◆ **Exercise instructions**: From the line containing "CHARLES VALTON" through the last line of the entries below, print each line exactly. Pictures stay out.

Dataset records
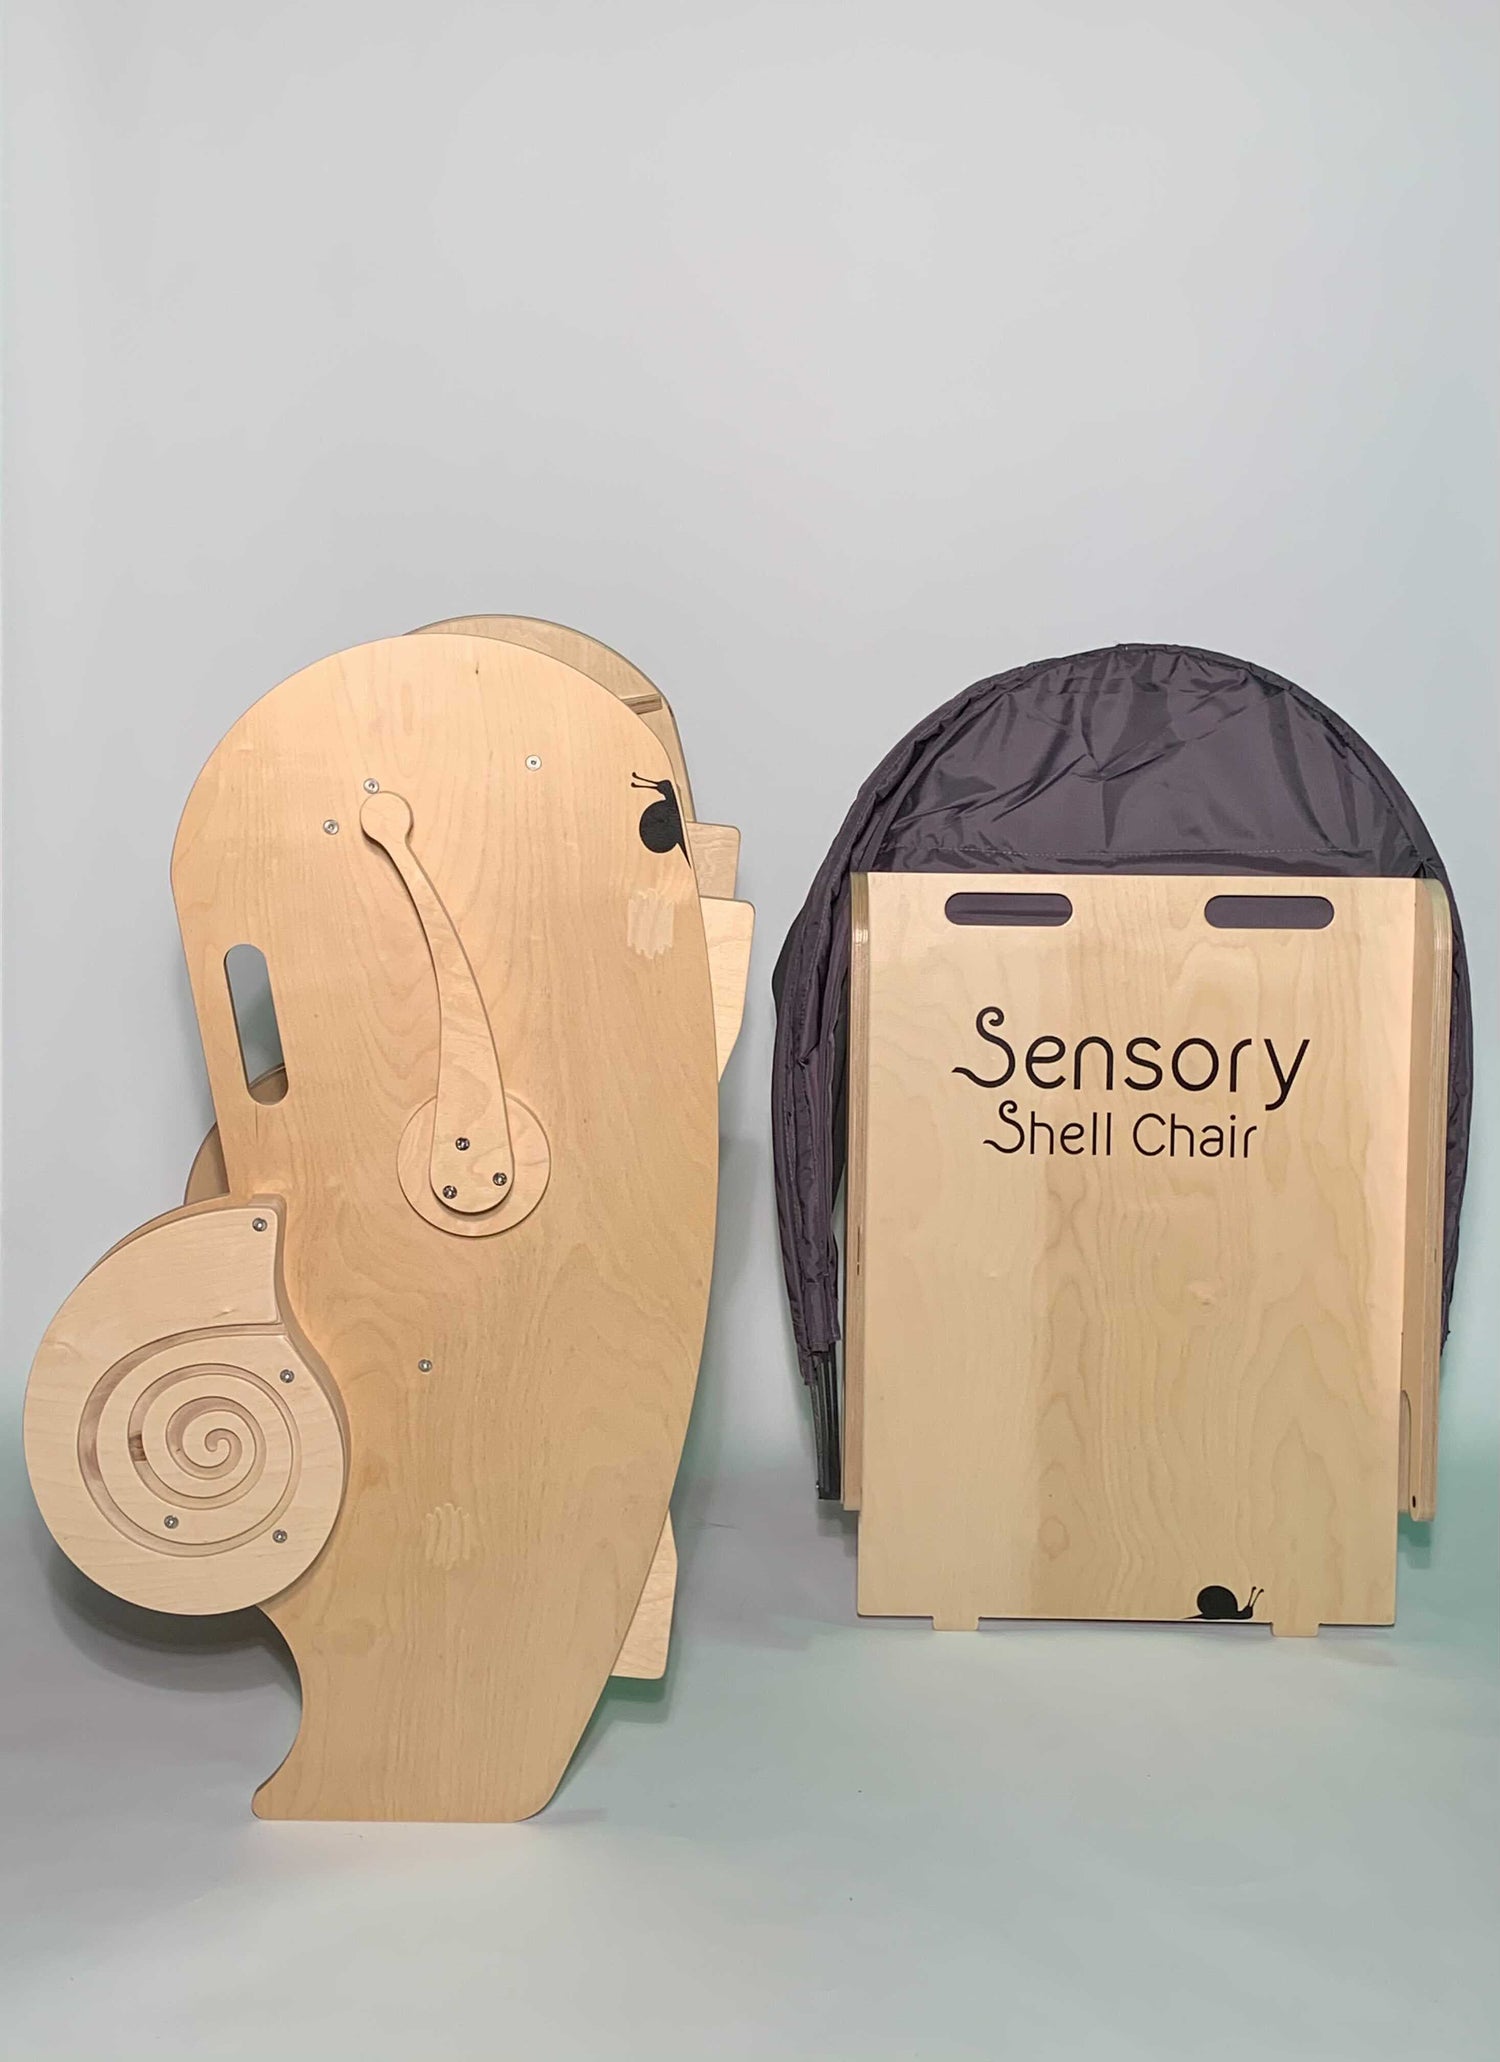 View of the sensory shell chair seperated into two sections 
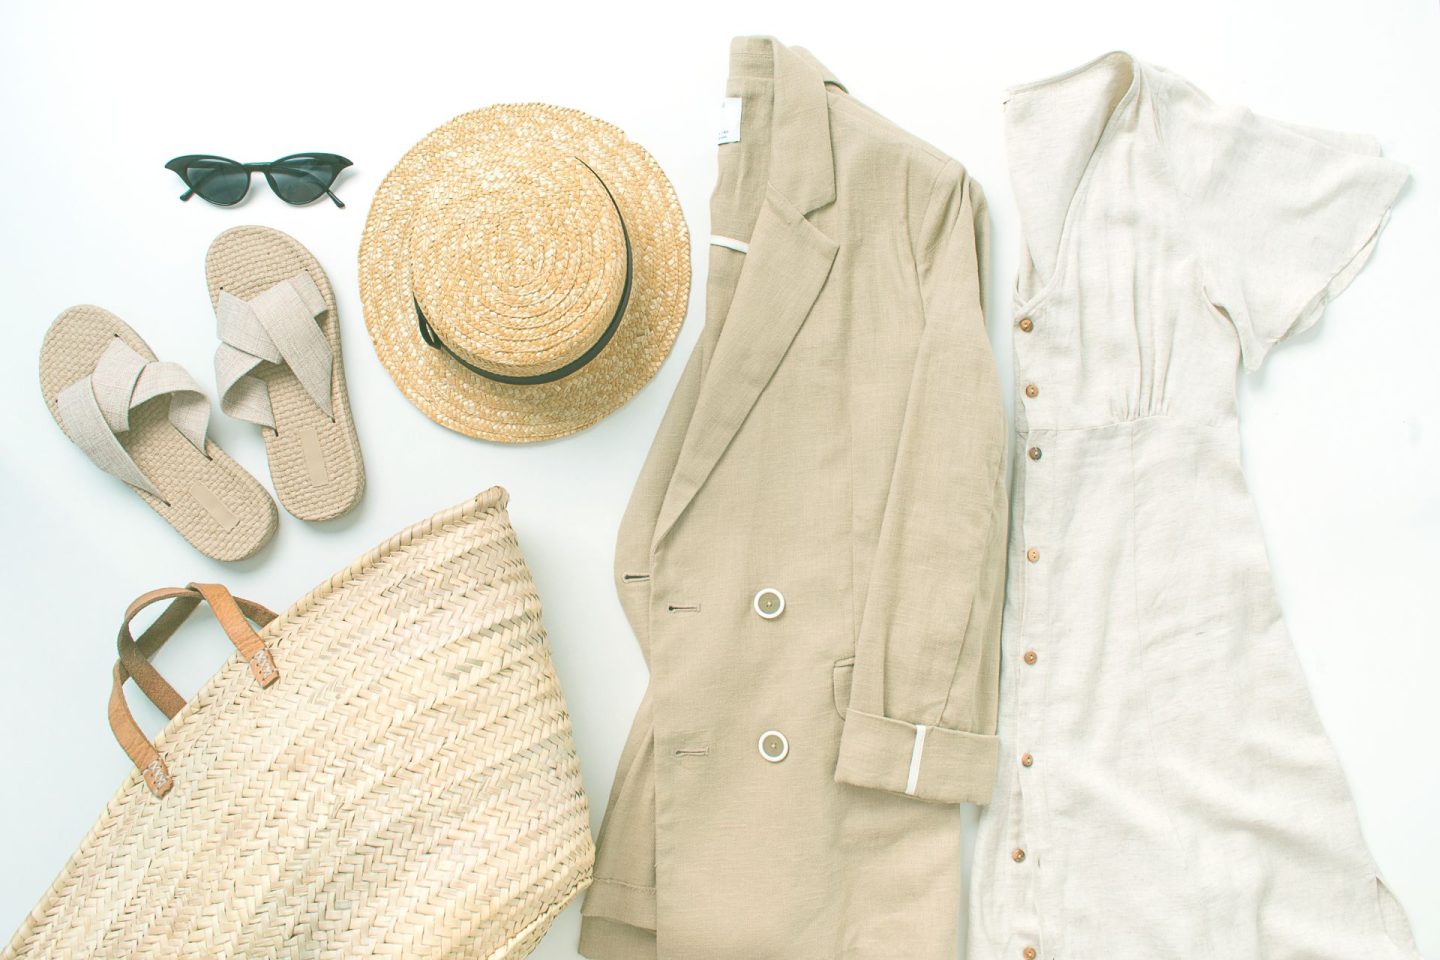 7 Styling Tips to Make the Same Outfit Look Different - Trendy Tourist
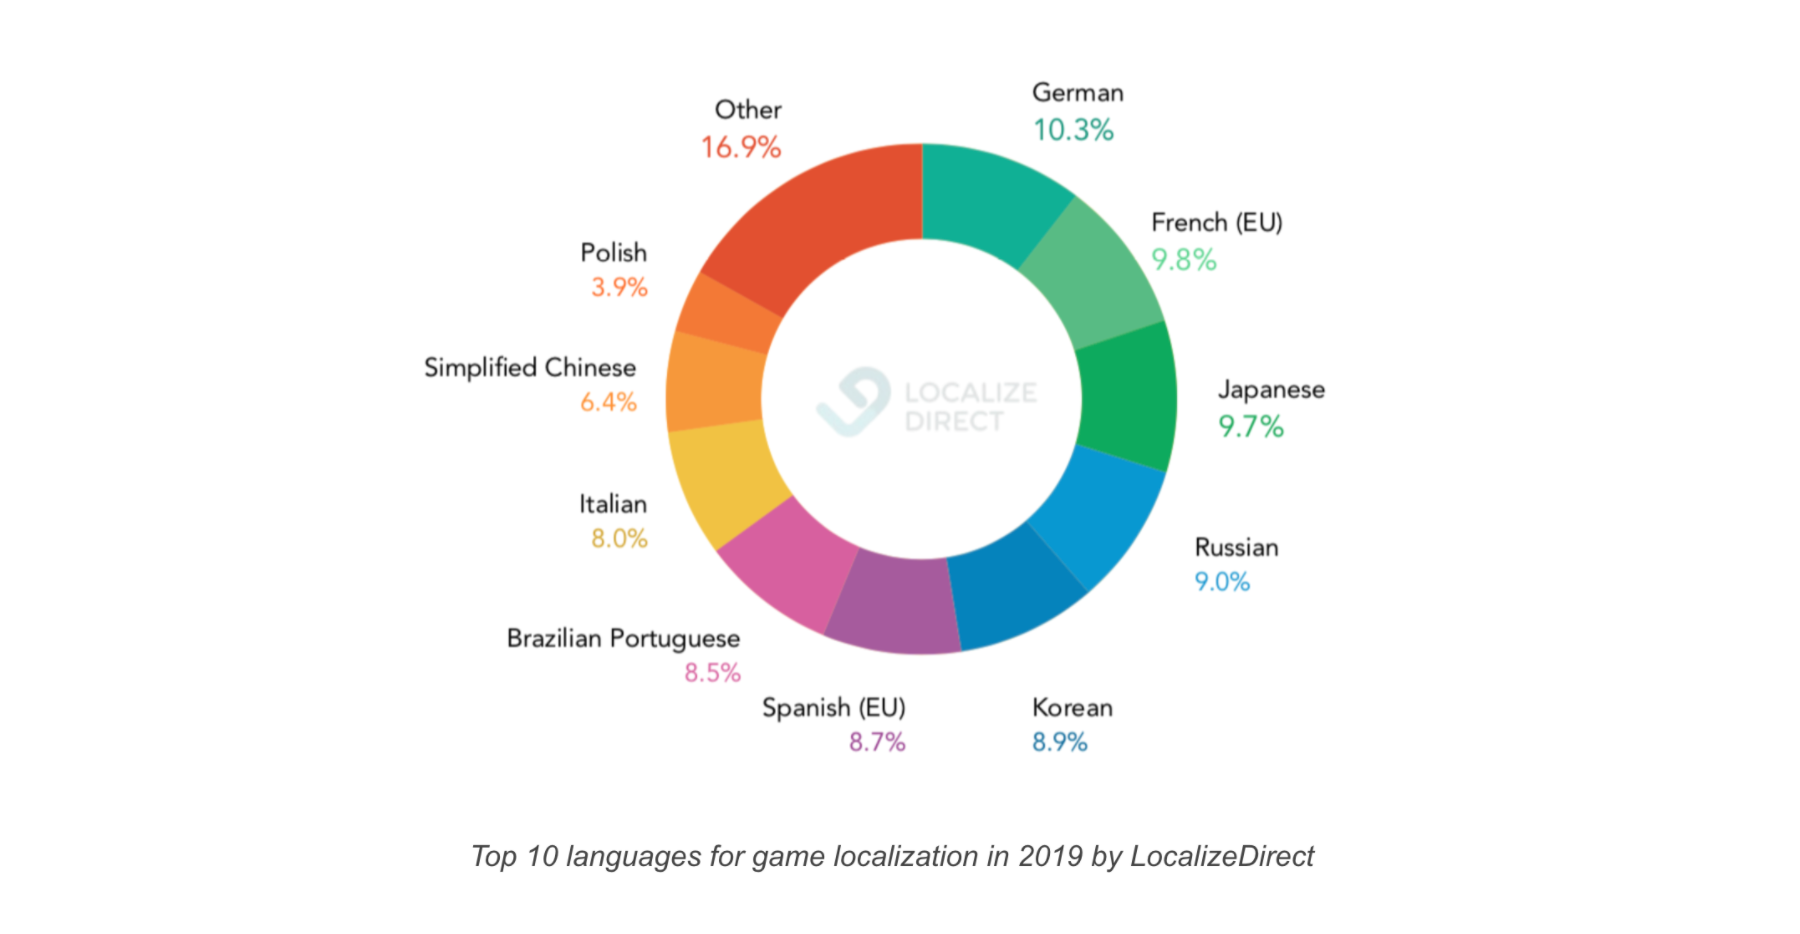 Top 10 languages for game localization in 2019
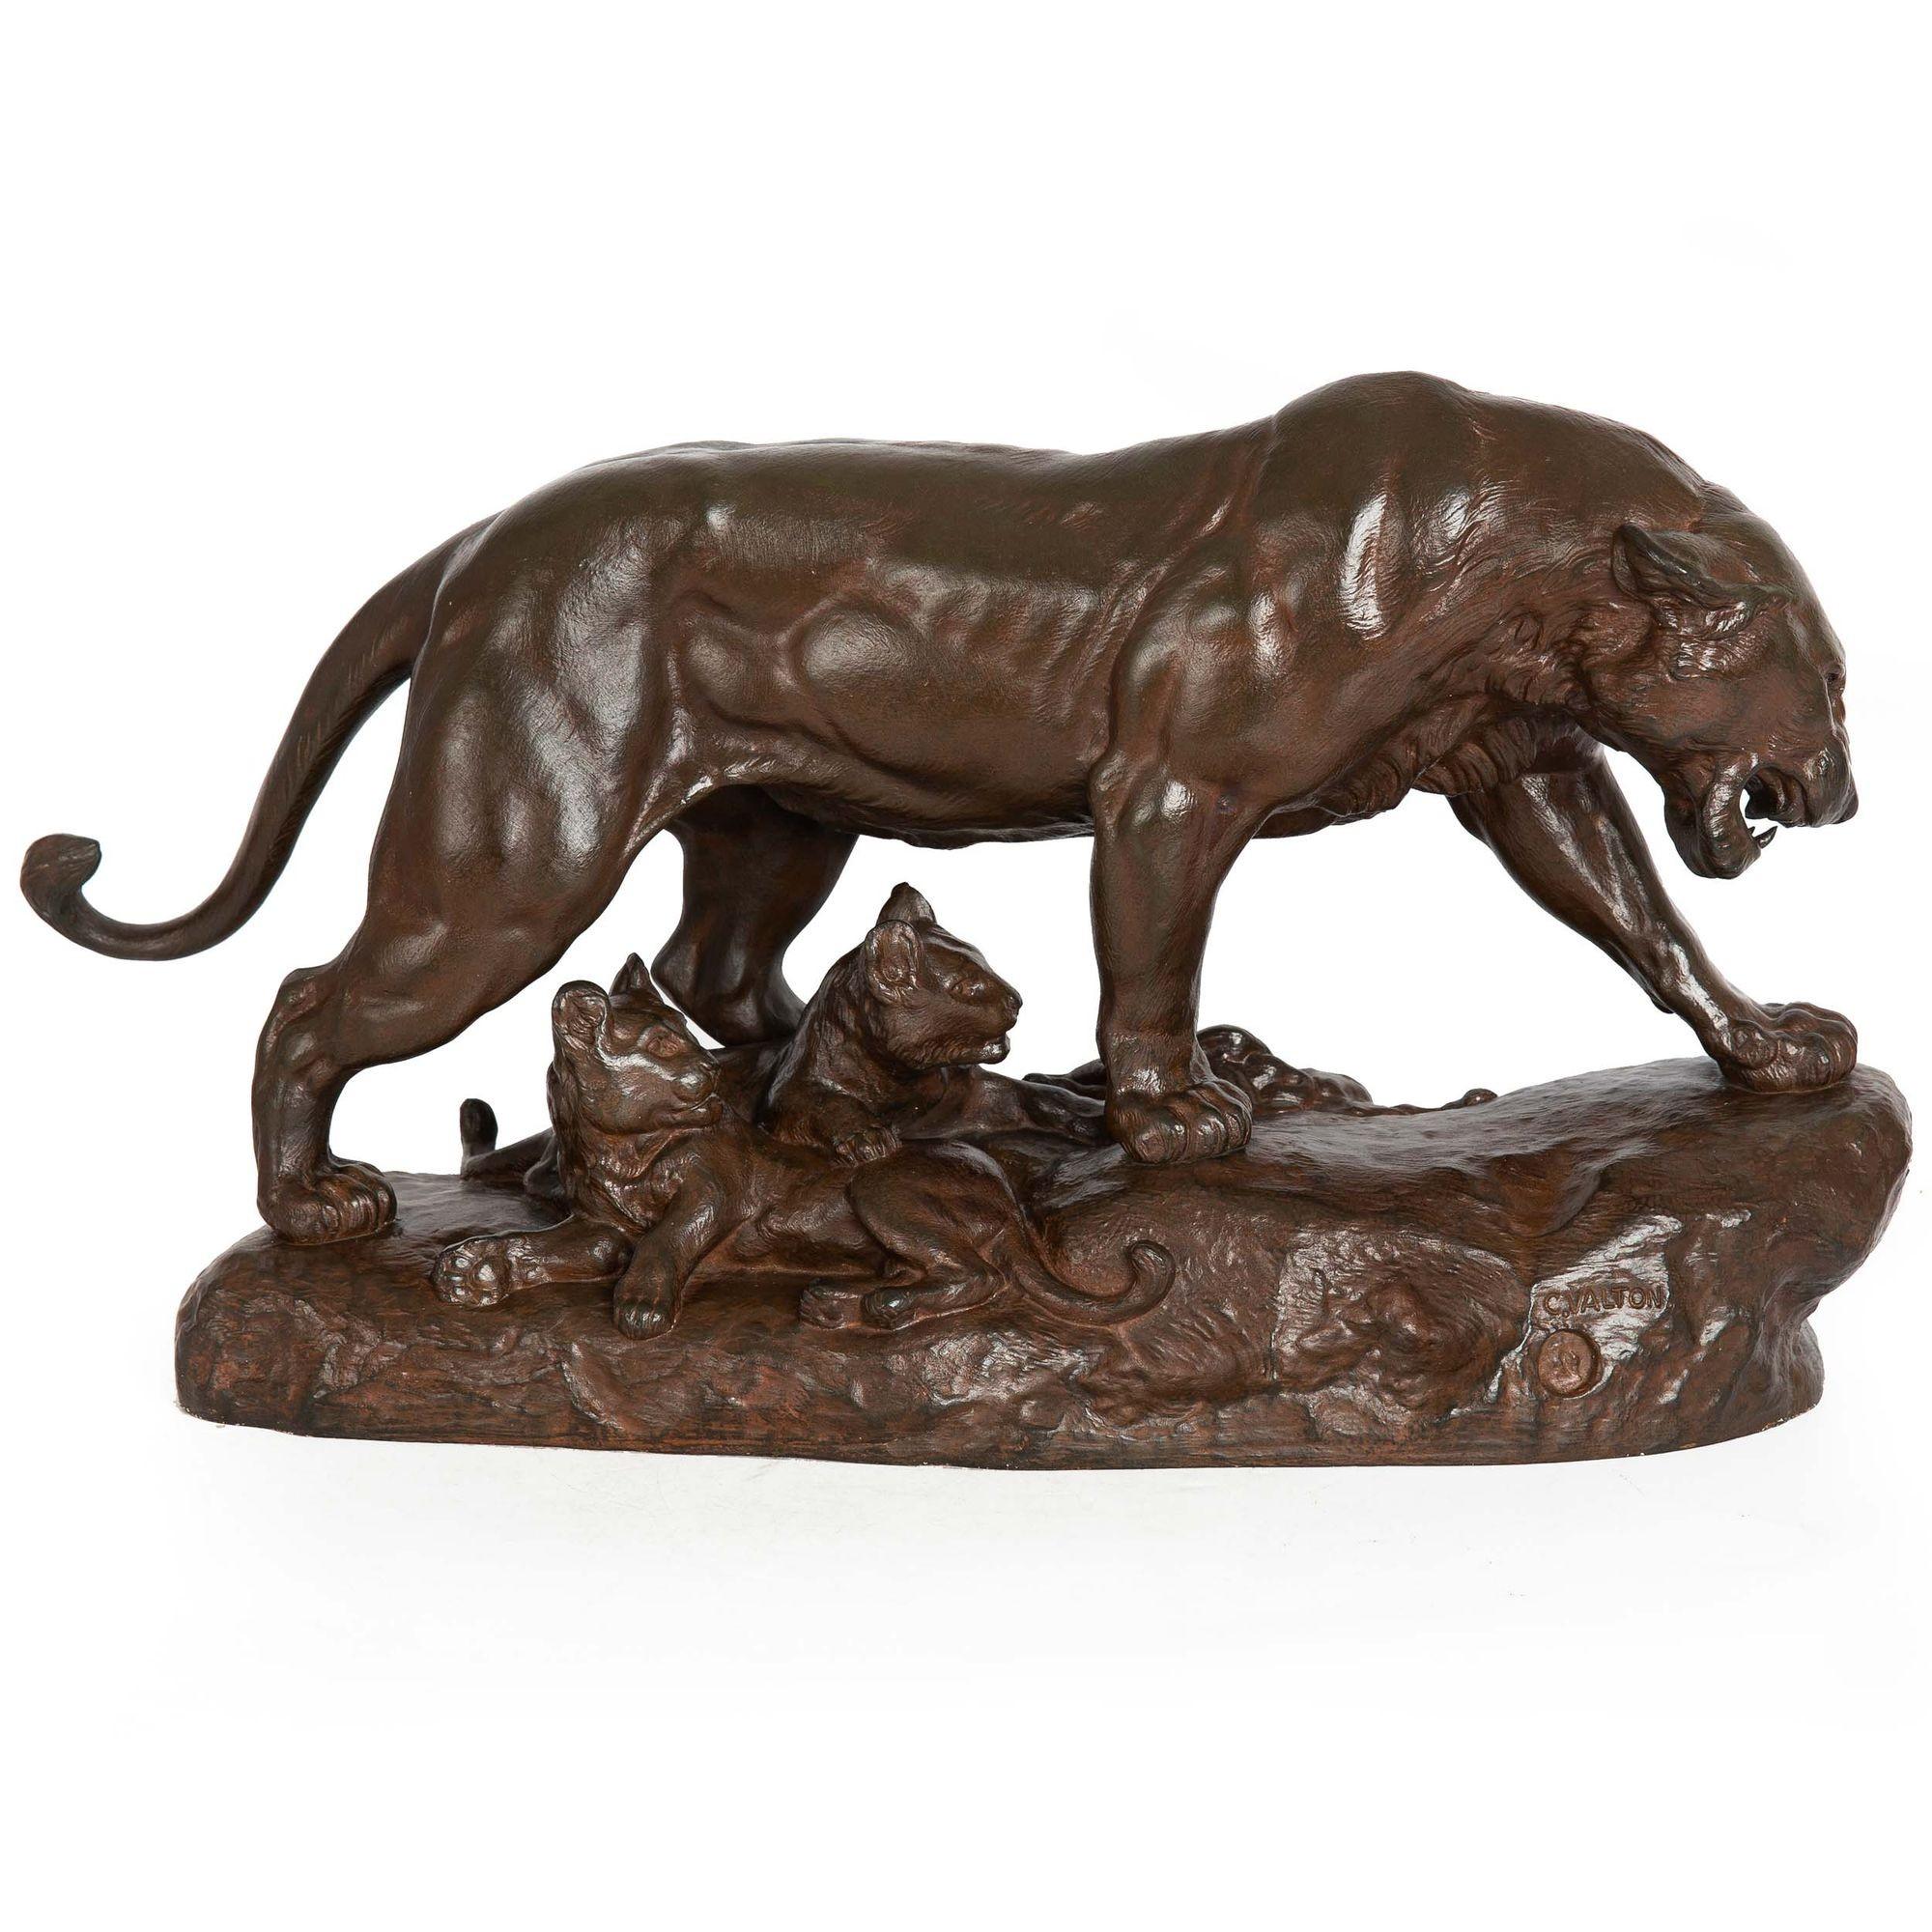 CHARLES VALTON
French, 1851-1913

Lioness and Two Cubs

Reddish-brown patinated bronze  Signed

◆ **Exercise answer**:
 CHARLES VALTON
French, 1851-1913

Lioness and Two Cubs

Reddish-brown patinated bronze  Signed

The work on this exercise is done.